In my point of view, the most useful workflow is:

  1. Conditionally parse jsdoc for types (off by default)
  2. Generated stubs for this file with the parsed types
  3. User can modify these stubs as usual

What advantages I see here:

  • Possibility to fix wrong types declared in the docs
  • Nothing will break by default (as it should not break because of the comments)
  • We can still use existing type information

Do you see any cons in this solution?

@davidrapin also, IDE support for flow type information was just behind relative to JSDoc because JSDoc came earlier. I'm pretty sure that WebStorm already understands flow types just as well as JSDoc, though I'm not sure. So JSDoc won't be the most ideal tool for IDE comprehension for long.

I think what @nmn means is that types for typechecking purposes don't belong in JSDoc.

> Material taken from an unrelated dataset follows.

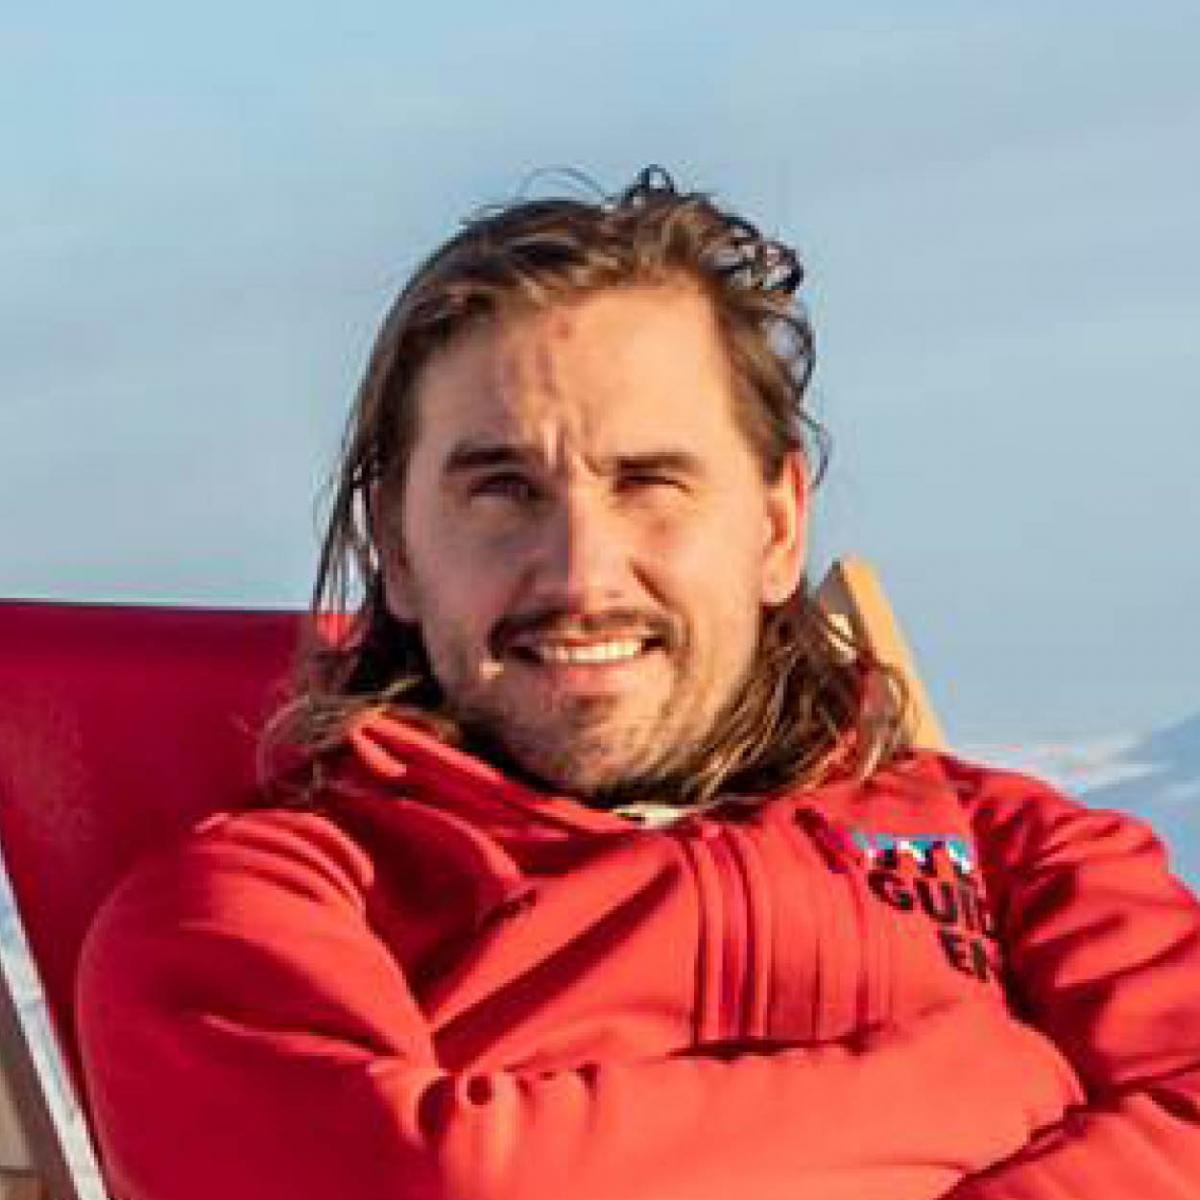 Oscar Almgren Owner / CEO i Uteguiden
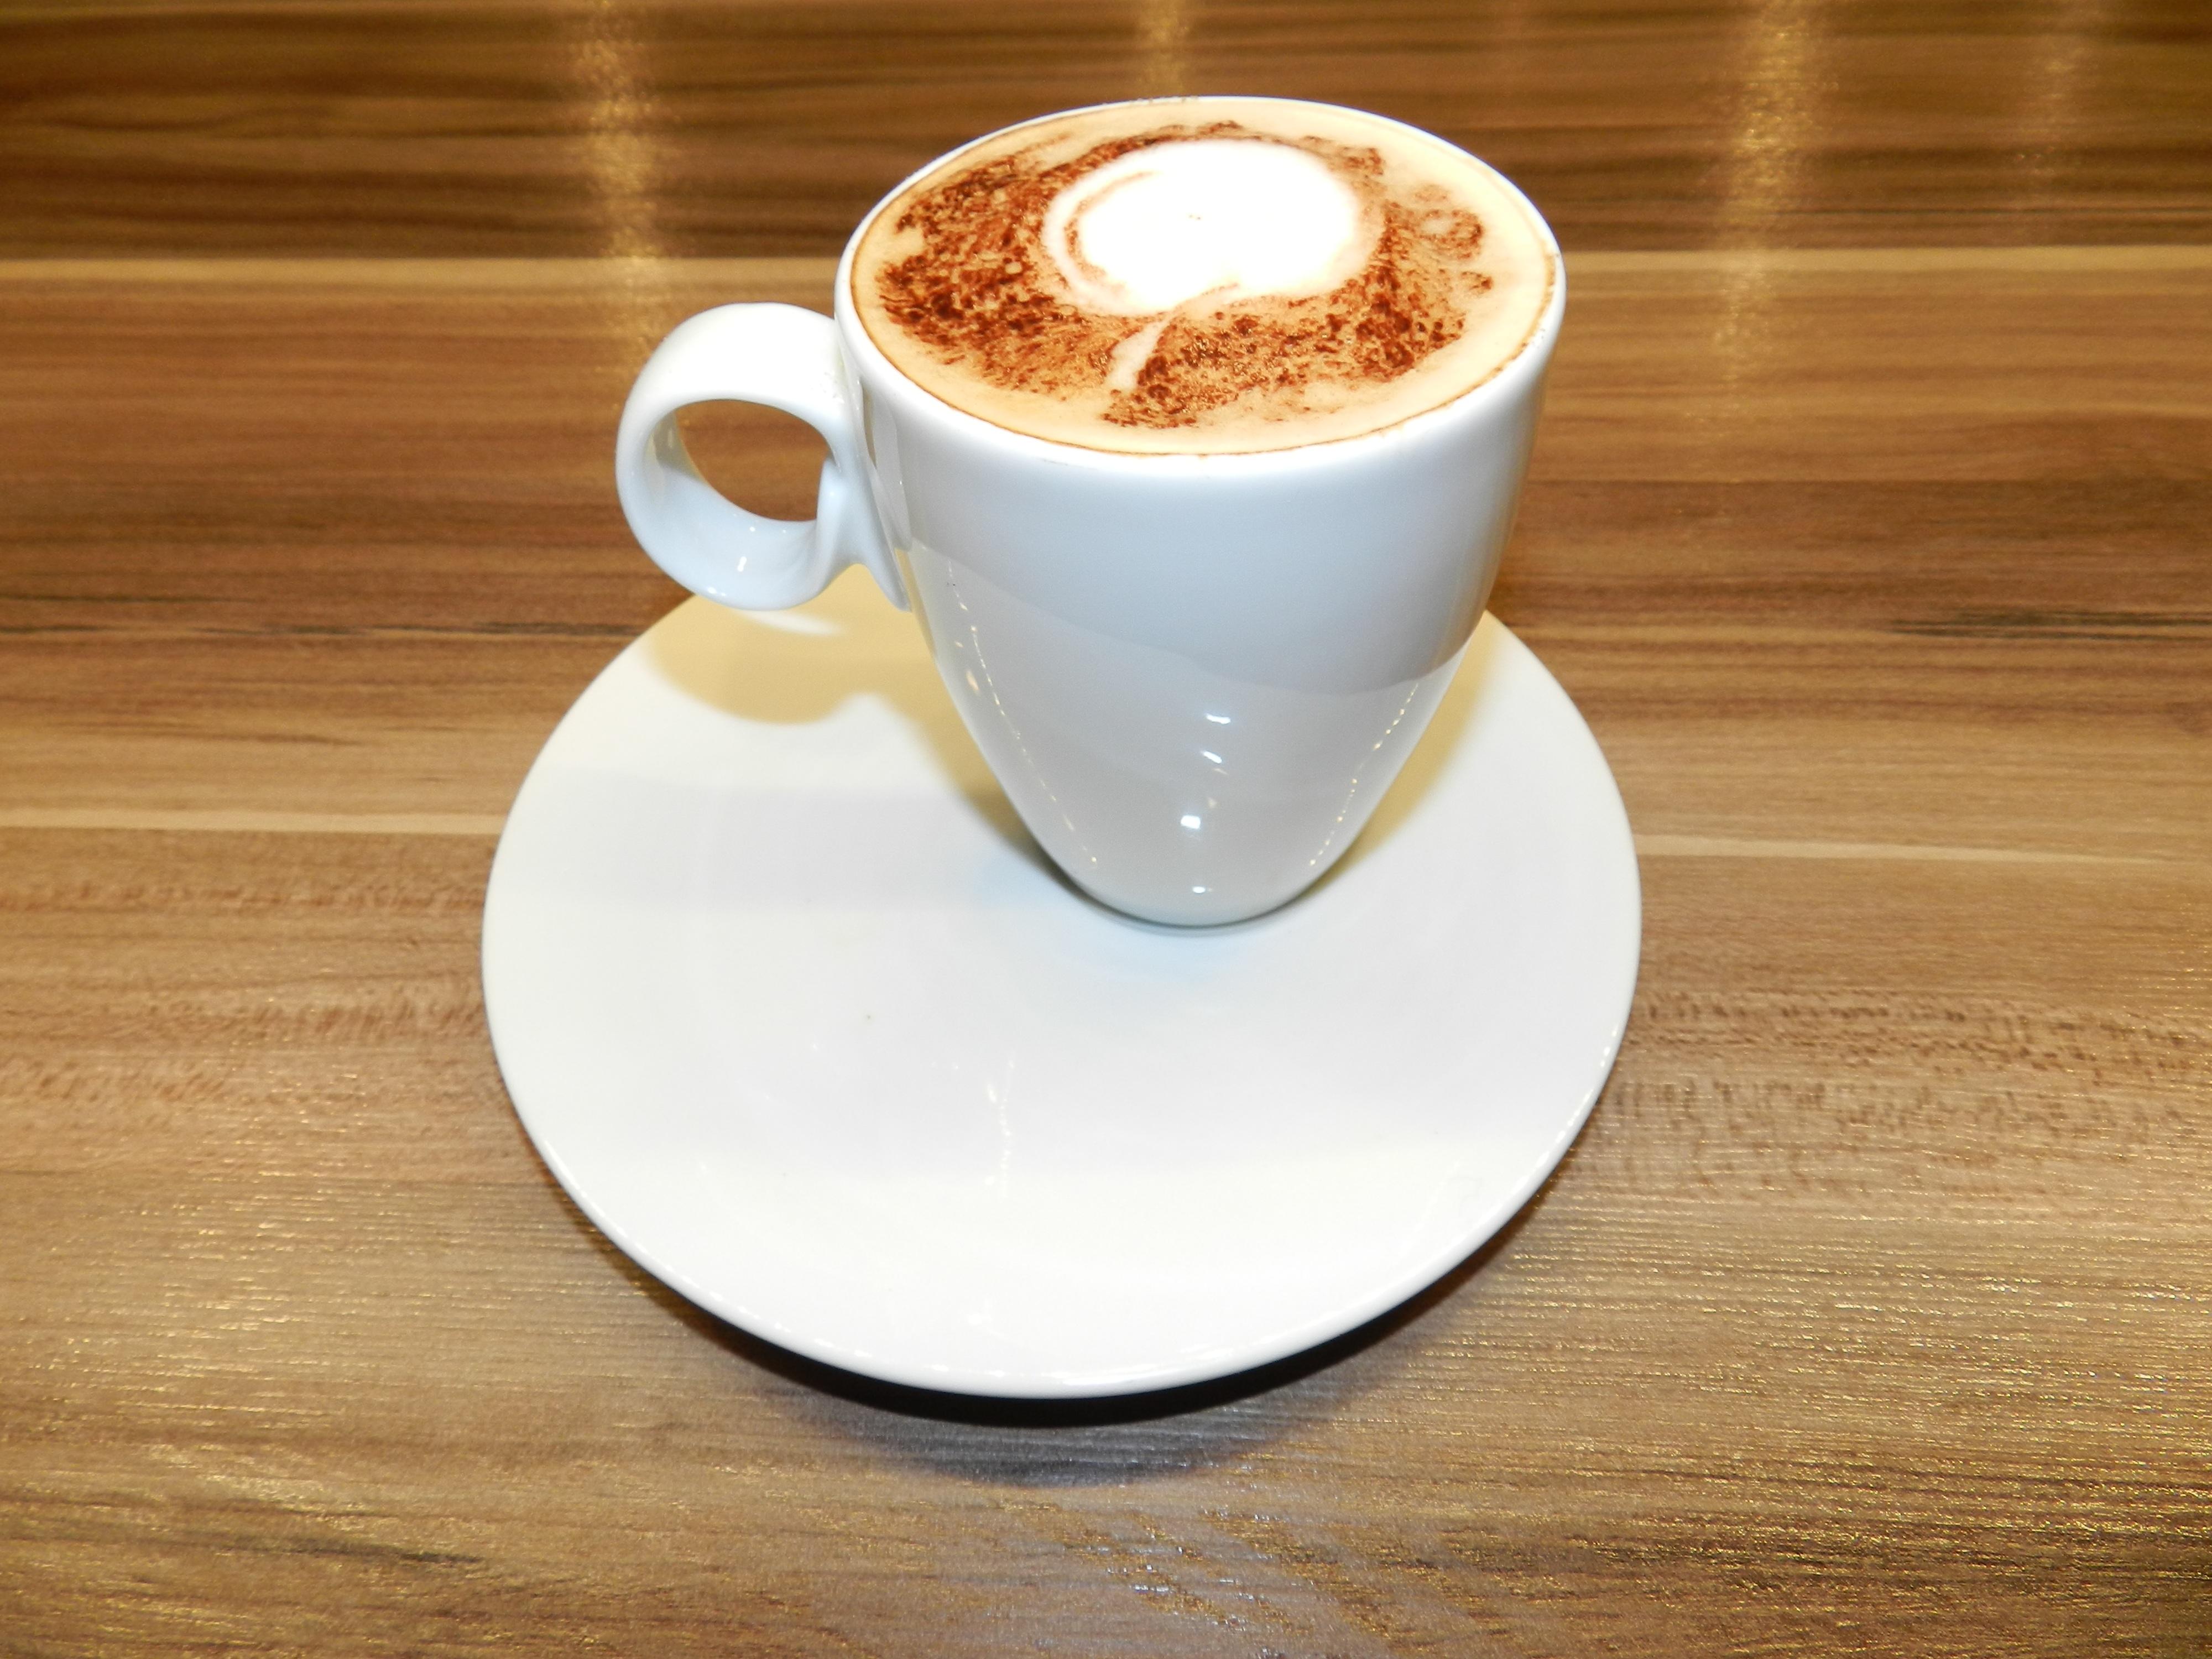 Kostenlose foto tasse latt cappuccino lebensmittel getr nk espresso kaffeetasse - Bilder cappuccino ...

What they're talking about is pulling the flow types into the docs so that humans can read them, not so that the documentation checker can evaluate them

it's so that we don't have to type * @param foo {type} - bar when that's already known

@StoneCypher I was referring to what David said, which I think other folks are advocating against:

The TypeScript complier added the ability to parse JSDoc annotation some time ago, and it makes a lot of sense: pure JS projects that had JSDoc type annotations are now able to be validated by the TypeScript compiler. That's a huge step forward.
It would be great to see Flow do the same.

My response quite clearly expresses an understanding of that.

The reason that basically every documentation generator except this one supports at least one of the type systems at this point is that nobody wants to duplicate that information for their documentation.

Please re-read what I said to you, @jedwards1211. People should not be pushing back against this based on a faulty understanding of what's being requested.

There is a reason that every other documentation generator does this.